The required answer is a copy of each line in the entries below that includes "Dress".

* _Excerpts from a dataset_:
★ ★ ★

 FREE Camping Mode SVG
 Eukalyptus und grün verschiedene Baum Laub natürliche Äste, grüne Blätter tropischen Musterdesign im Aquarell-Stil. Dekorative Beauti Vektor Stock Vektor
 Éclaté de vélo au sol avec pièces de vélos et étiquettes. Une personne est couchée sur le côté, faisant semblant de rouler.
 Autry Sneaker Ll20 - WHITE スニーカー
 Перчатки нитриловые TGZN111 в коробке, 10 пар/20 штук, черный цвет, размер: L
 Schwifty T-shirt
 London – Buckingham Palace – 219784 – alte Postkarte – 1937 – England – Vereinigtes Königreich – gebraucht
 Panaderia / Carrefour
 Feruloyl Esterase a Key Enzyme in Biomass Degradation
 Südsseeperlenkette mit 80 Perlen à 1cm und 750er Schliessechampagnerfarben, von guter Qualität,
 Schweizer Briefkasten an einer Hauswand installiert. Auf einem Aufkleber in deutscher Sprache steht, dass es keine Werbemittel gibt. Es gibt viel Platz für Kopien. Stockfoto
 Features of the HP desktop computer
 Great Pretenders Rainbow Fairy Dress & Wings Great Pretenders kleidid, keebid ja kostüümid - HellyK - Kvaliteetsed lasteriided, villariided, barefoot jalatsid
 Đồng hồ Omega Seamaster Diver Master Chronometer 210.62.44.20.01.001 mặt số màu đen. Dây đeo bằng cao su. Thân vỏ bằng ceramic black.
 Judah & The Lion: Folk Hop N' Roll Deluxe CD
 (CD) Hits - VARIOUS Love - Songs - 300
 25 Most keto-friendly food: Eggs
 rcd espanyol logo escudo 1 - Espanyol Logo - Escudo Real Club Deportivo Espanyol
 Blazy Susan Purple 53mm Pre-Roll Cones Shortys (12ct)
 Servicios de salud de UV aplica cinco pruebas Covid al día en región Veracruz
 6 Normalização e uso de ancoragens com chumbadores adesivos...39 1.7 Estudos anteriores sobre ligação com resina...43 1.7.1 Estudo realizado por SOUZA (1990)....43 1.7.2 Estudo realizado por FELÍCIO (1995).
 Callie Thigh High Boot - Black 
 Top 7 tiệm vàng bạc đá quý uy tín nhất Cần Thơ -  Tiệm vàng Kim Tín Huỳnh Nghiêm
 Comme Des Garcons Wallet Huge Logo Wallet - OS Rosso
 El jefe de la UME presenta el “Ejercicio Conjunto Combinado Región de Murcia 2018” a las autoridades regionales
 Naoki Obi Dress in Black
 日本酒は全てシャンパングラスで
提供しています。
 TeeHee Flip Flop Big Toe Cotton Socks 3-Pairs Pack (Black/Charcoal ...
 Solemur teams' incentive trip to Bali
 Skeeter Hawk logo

★ ★ ★

* _THE COMPLETED TASK_:
 Great Pretenders Rainbow Fairy Dress & Wings Great Pretenders kleidid, keebid ja kostüümid - HellyK - Kvaliteetsed lasteriided, villariided, barefoot jalatsid
 Naoki Obi Dress in Black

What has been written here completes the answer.